A newspaper editor was researching immigration data trends on H1B(H-1B, H-1B1, E-3) visa application processing over the past years, trying to identify the occupations and states with the most number of approved H1B visas. She has found statistics available from the US Department of Labor and its Office of Foreign Labor Certification Performance Data. But while there are ready-made reports for 2018 and 2017, the site doesn’t have them for past years.

As a data engineer, you are asked to create a mechanism to analyze past years data, specificially calculate two metrics: Top 10 Occupations and Top 10 States for certified visa applications.

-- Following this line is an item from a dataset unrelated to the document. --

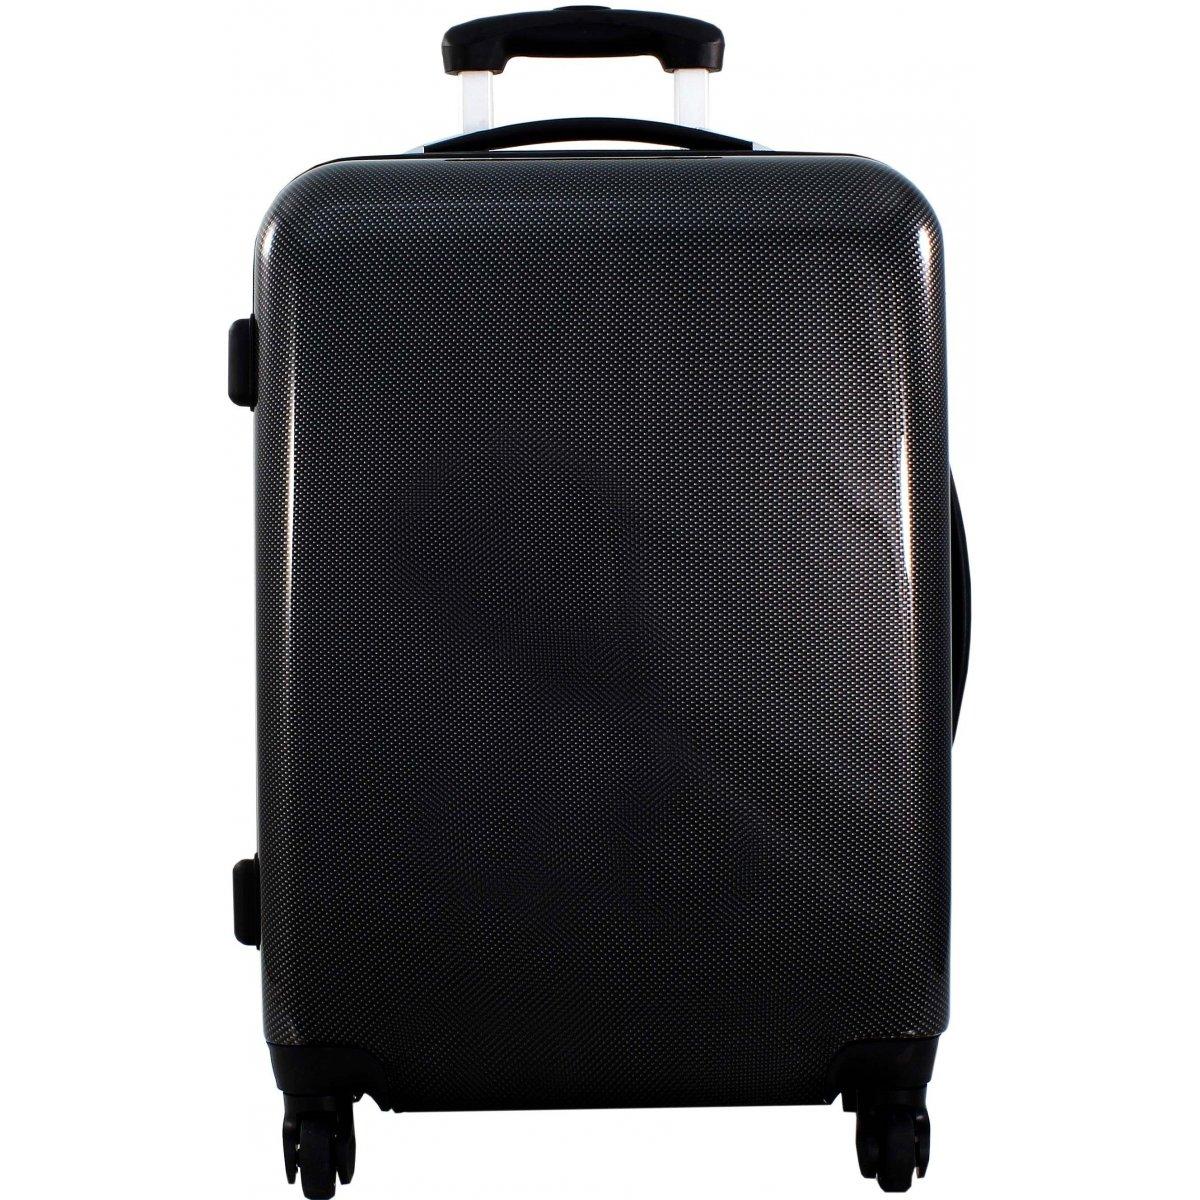 lot 3 valises dont 1 cabine ryanair david jones ba2033 couleur principale black squares. Black Bedroom Furniture Sets. Home Design Ideas
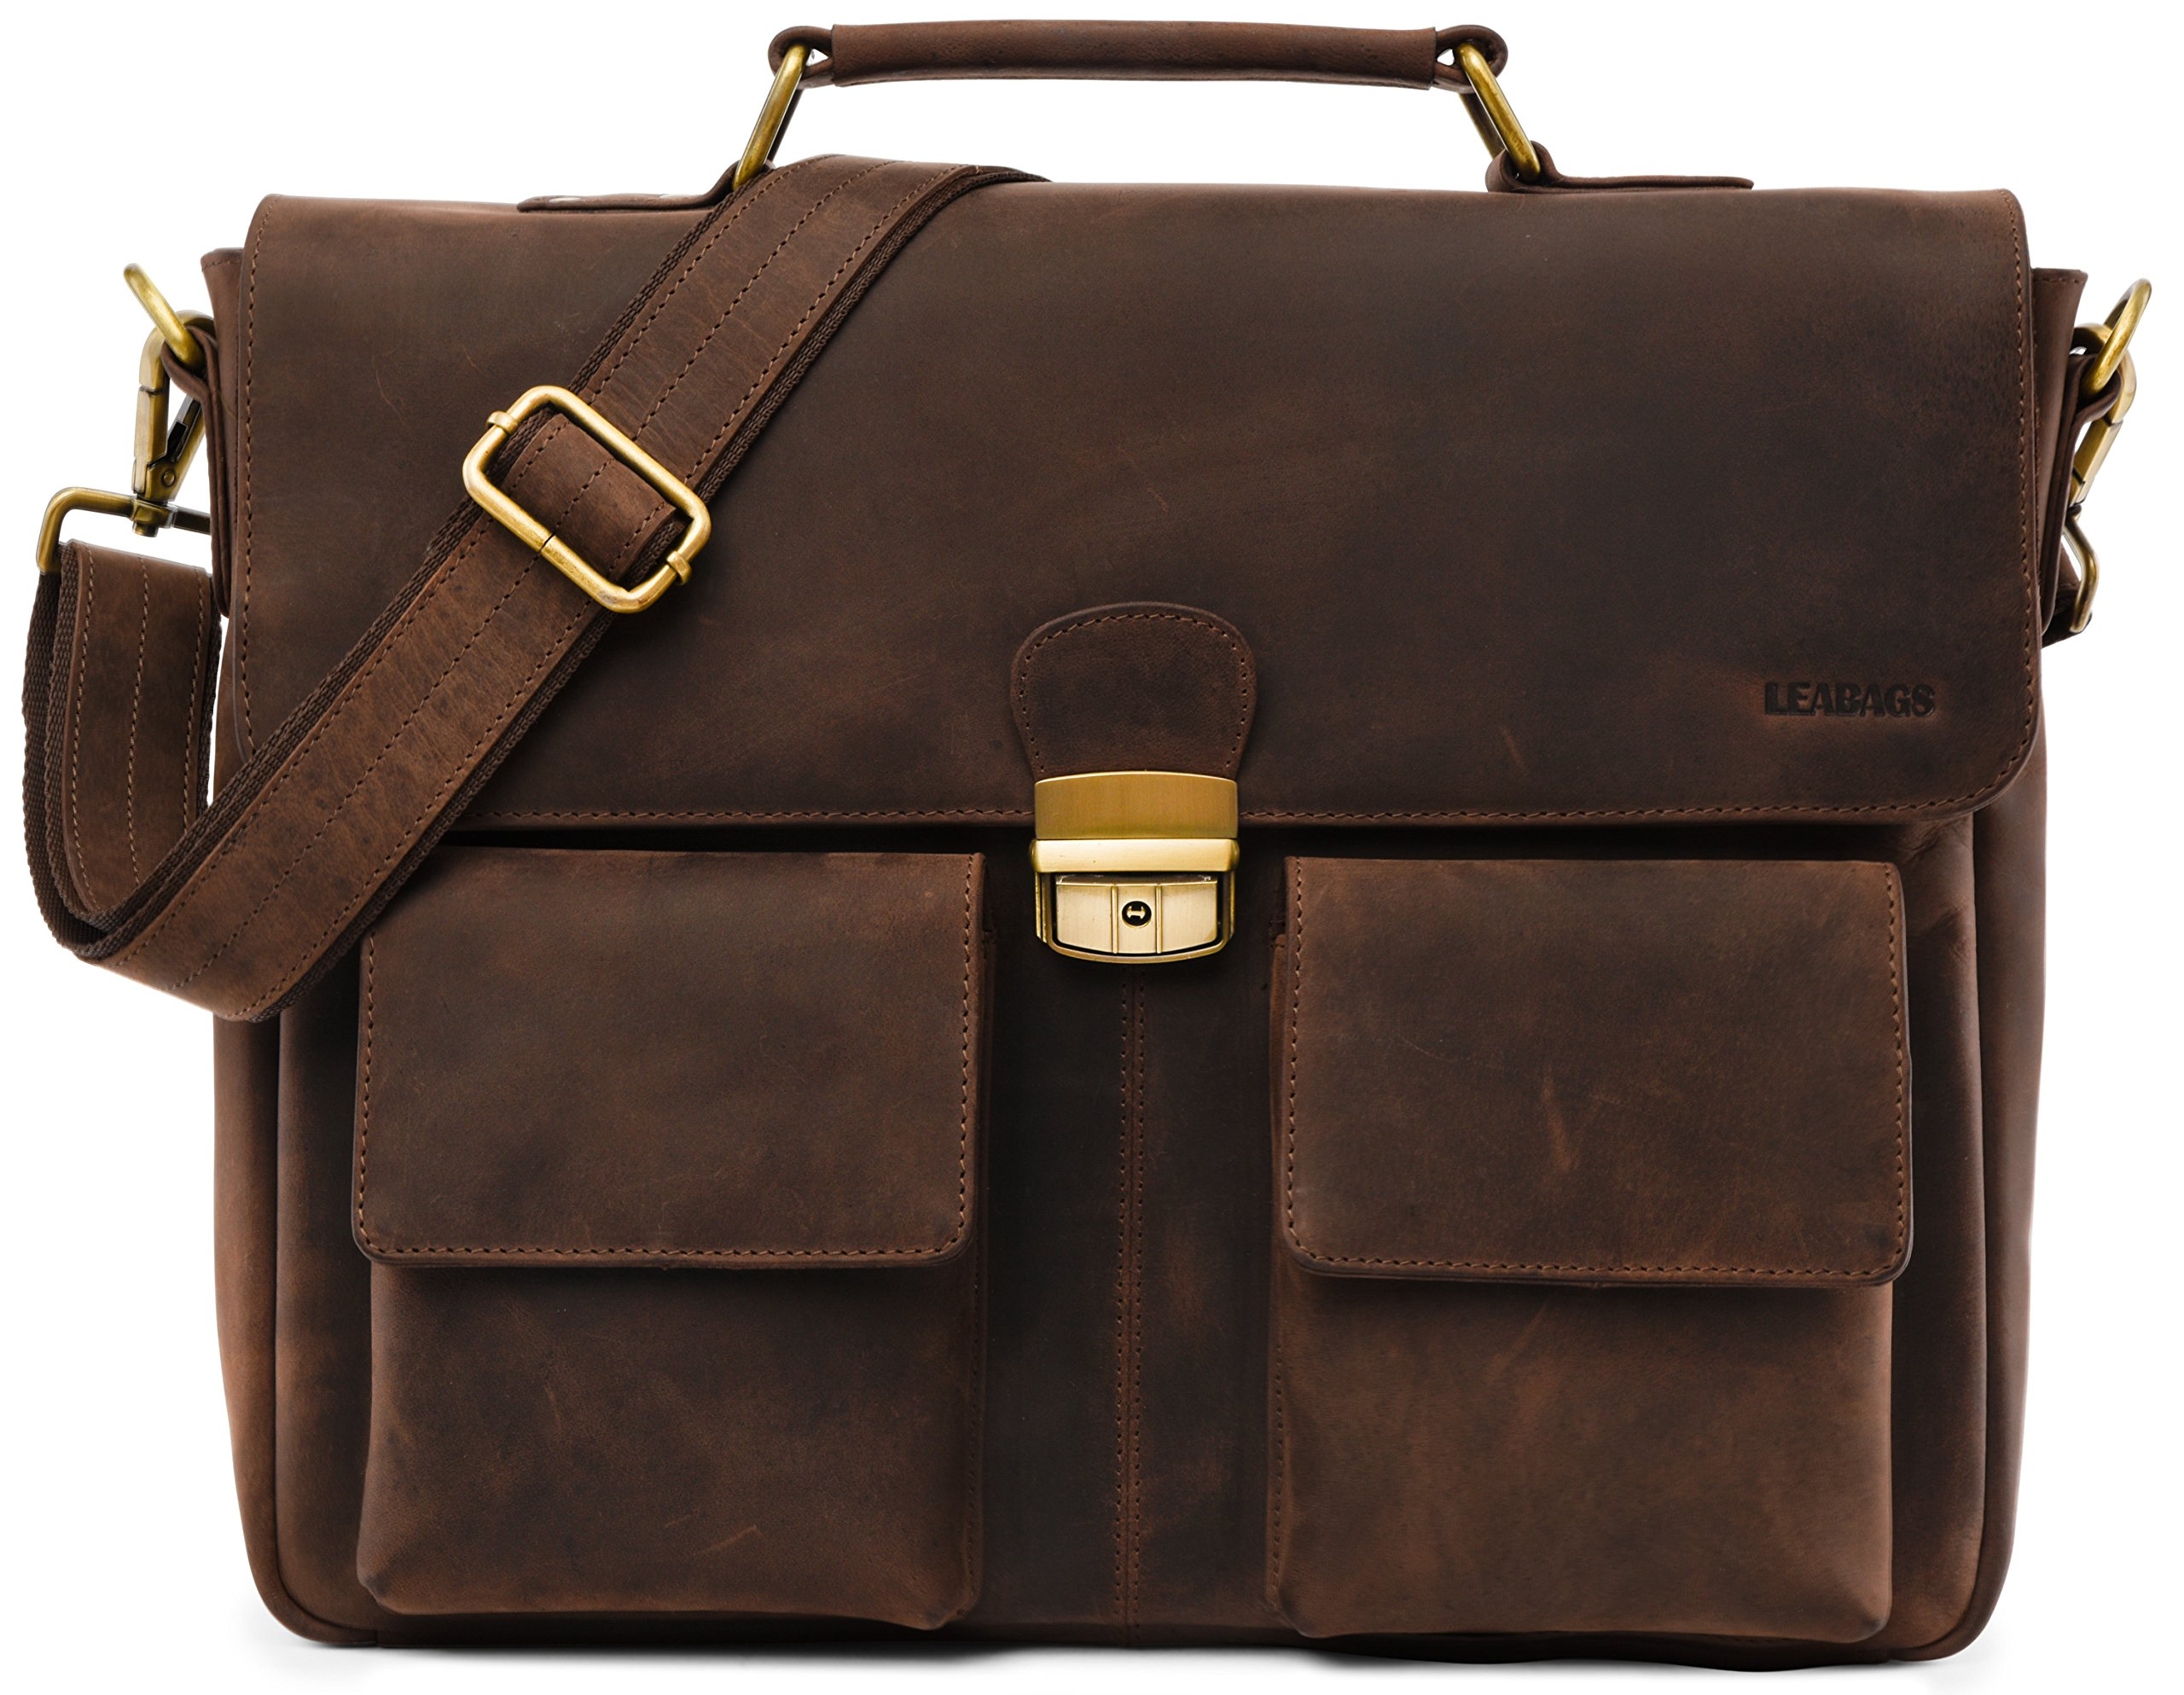 LEABAGS Lisburn Briefcase made of Genuine Leather in Vintage Look - Muskat

Your code should be modular and reusable for future. If the newspaper gets data for the year 2019 (with the assumption that the necessary data to calculate the metrics are available) and puts it in the input directory, running the run.sh script should produce the results in the output folder without needing to change the code.

Input

Raw data could be found here under the Disclosure Data tab (i.e., files listed in the Disclosure File column with ".xlsx" extension). The File Structure docs can be found in the website. For convenience, the Excel files have been converted into a semicolon separated (";") format and placed them into this Google drive folder.

The program takes semicolon separated files as input, adhering to the file structure given on the website.

Few pointers on input file,

The input has to be a single file named h1b_input.csv.
The input file has to be utf8 encoded (please convert xlsx to csv before providing input).

Output

My program creates 2 output files:

top_10_occupations.txt: Top 10 occupations for certified visa applications
top_10_states.txt: Top 10 states for certified visa applications

Each line holds one record and each field on each line is separated by a semicolon (;).

Each line of the top_10_occupations.txt file contains these fields in this order:

TOP_OCCUPATIONS: The occupation name associated with an application's Standard Occupational Classification (SOC) code.
NUMBER_CERTIFIED_APPLICATIONS: Number of applications that have been certified for that occupation.
PERCENTAGE: % of applications that have been certified for that occupation compared to total number of certified applications regardless of occupation.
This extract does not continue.